Figure 2. Illustrative depiction of (A) normal vertebral artery anatomy as visualized during a far lateral approach craniotomy. (B) Tortuous dolichoectatic vertebral artery anatomy compressing the medulla oblongata. (C) Postsurgical placement of Teflon pledgets to relieve pressure of the vessels on the medulla.

At follow-up, the first patient stated that she had improvement in her symptoms, primarily vertigo and gait ataxia. She continues to use a cane and has a moderately imbalanced gait. She was able to resume driving and a modified work program; overall, she described her quality of life as significantly improved. Our second patient had profound improvements in her neurological function. Notably, her gait ataxia and vertigo improved, and she no longer required a walker or cane for mobility, voice strength returned and gait normalized, and she regained the ability to perform heel-to-toe walking. The third patient was able to begin attending activities of daily living and noted significant progress in her balance and ability to walk steadily but continued to have persistent ringing in her left ear. Finally, our last patient’s involuntary movements resolved, his disequilibrium improved and he regained the ability to walk steadily without the need for a cane. At subsequent follow-up visits, the patient reported continued well-being, with no recurrence of his preoperative symptoms.

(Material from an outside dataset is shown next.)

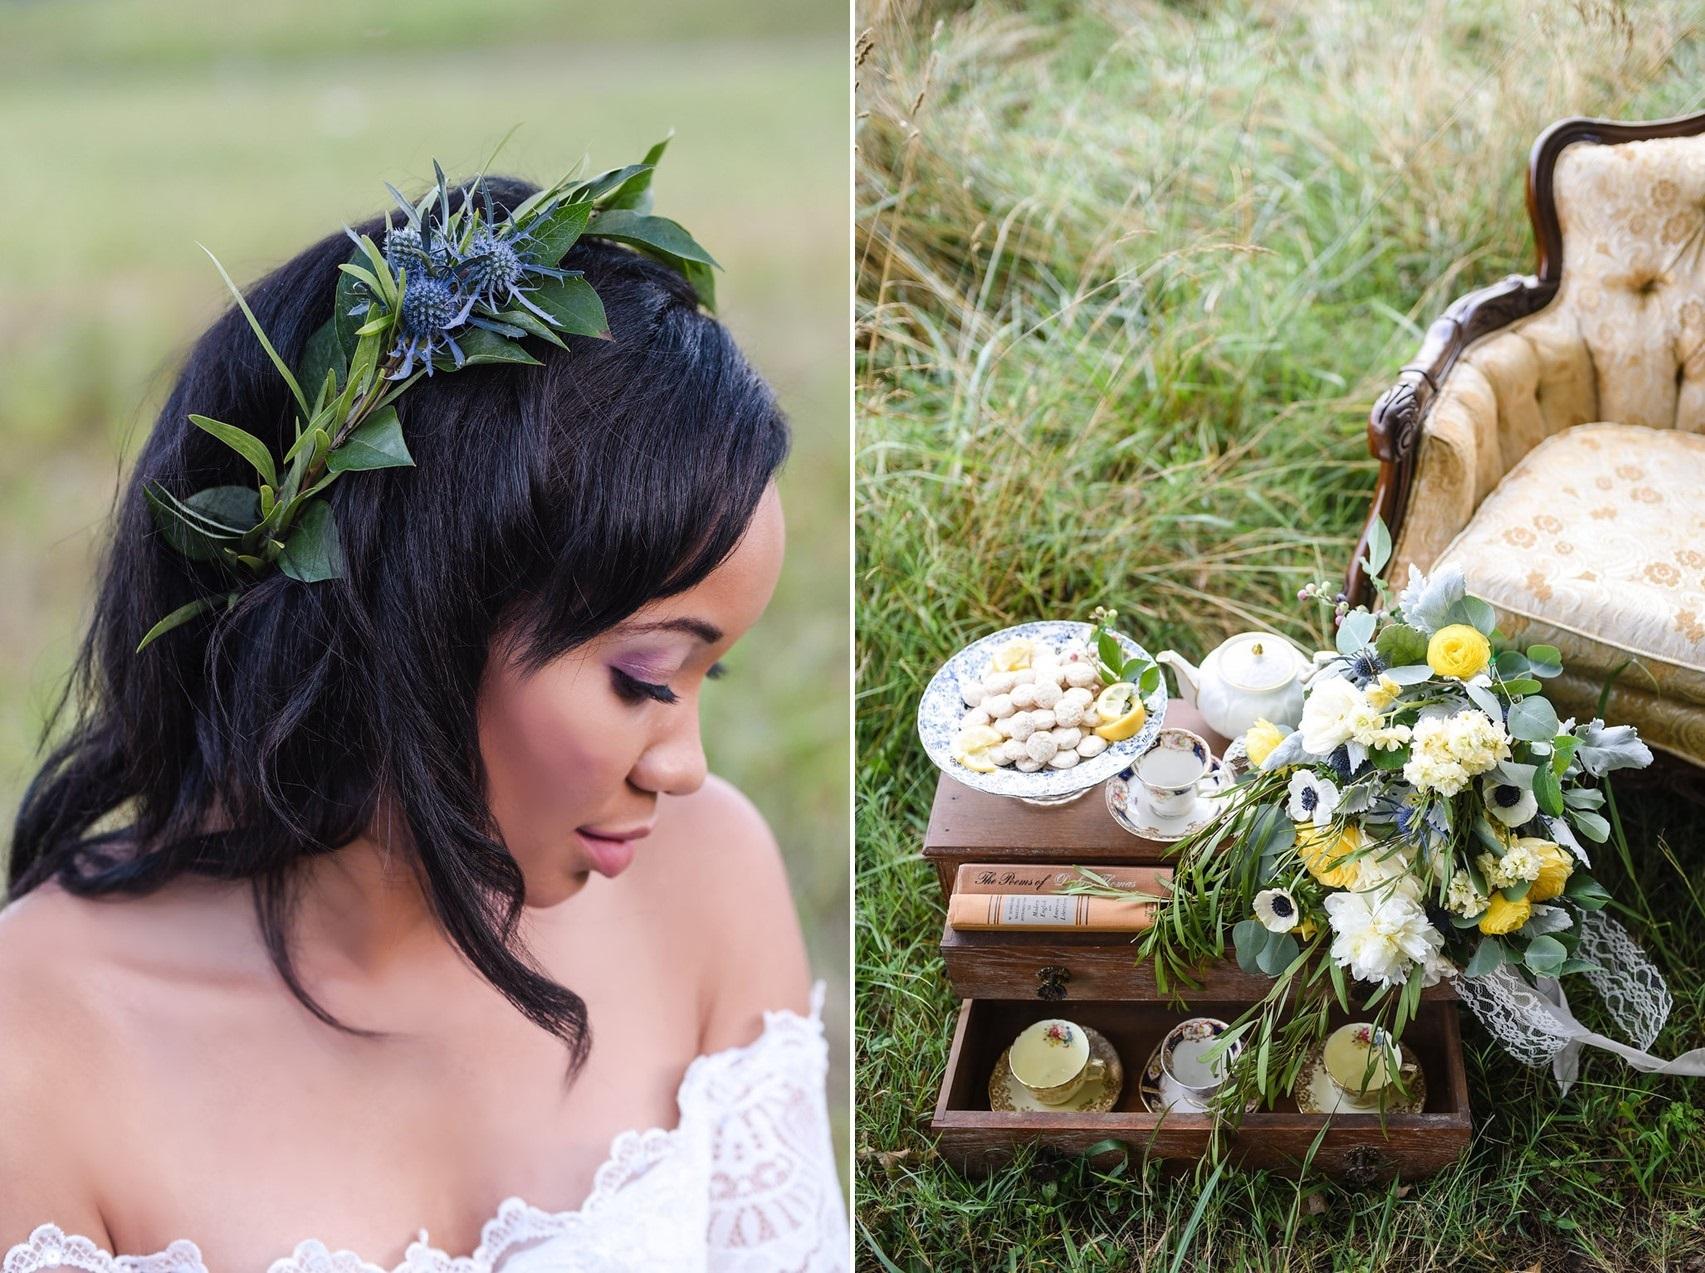 Vintage Inspired Bride in a Floral Crown

VAMCS presents with a range of symptoms, which can vary greatly between patients. This letter suggests that microvascular decompression surgery can subjectively improve the quality of life for patients suffering from symptoms related to VAMCS. The persistence of some symptoms post-surgery suggests that while surgical intervention can be effective, it is not always curative. This emphasizes the continuing need for setting expectations regarding surgical outcomes, and that certain symptoms like gait ataxia and vertigo may be more likely to respond than others such as tinnitus and headaches. The absence of a consensus on treatment protocols for VAMCS is a significant challenge in clinical practice. Our outcomes support the notion that surgical management may lead to improvement in the quality of life in patients with VAMCS.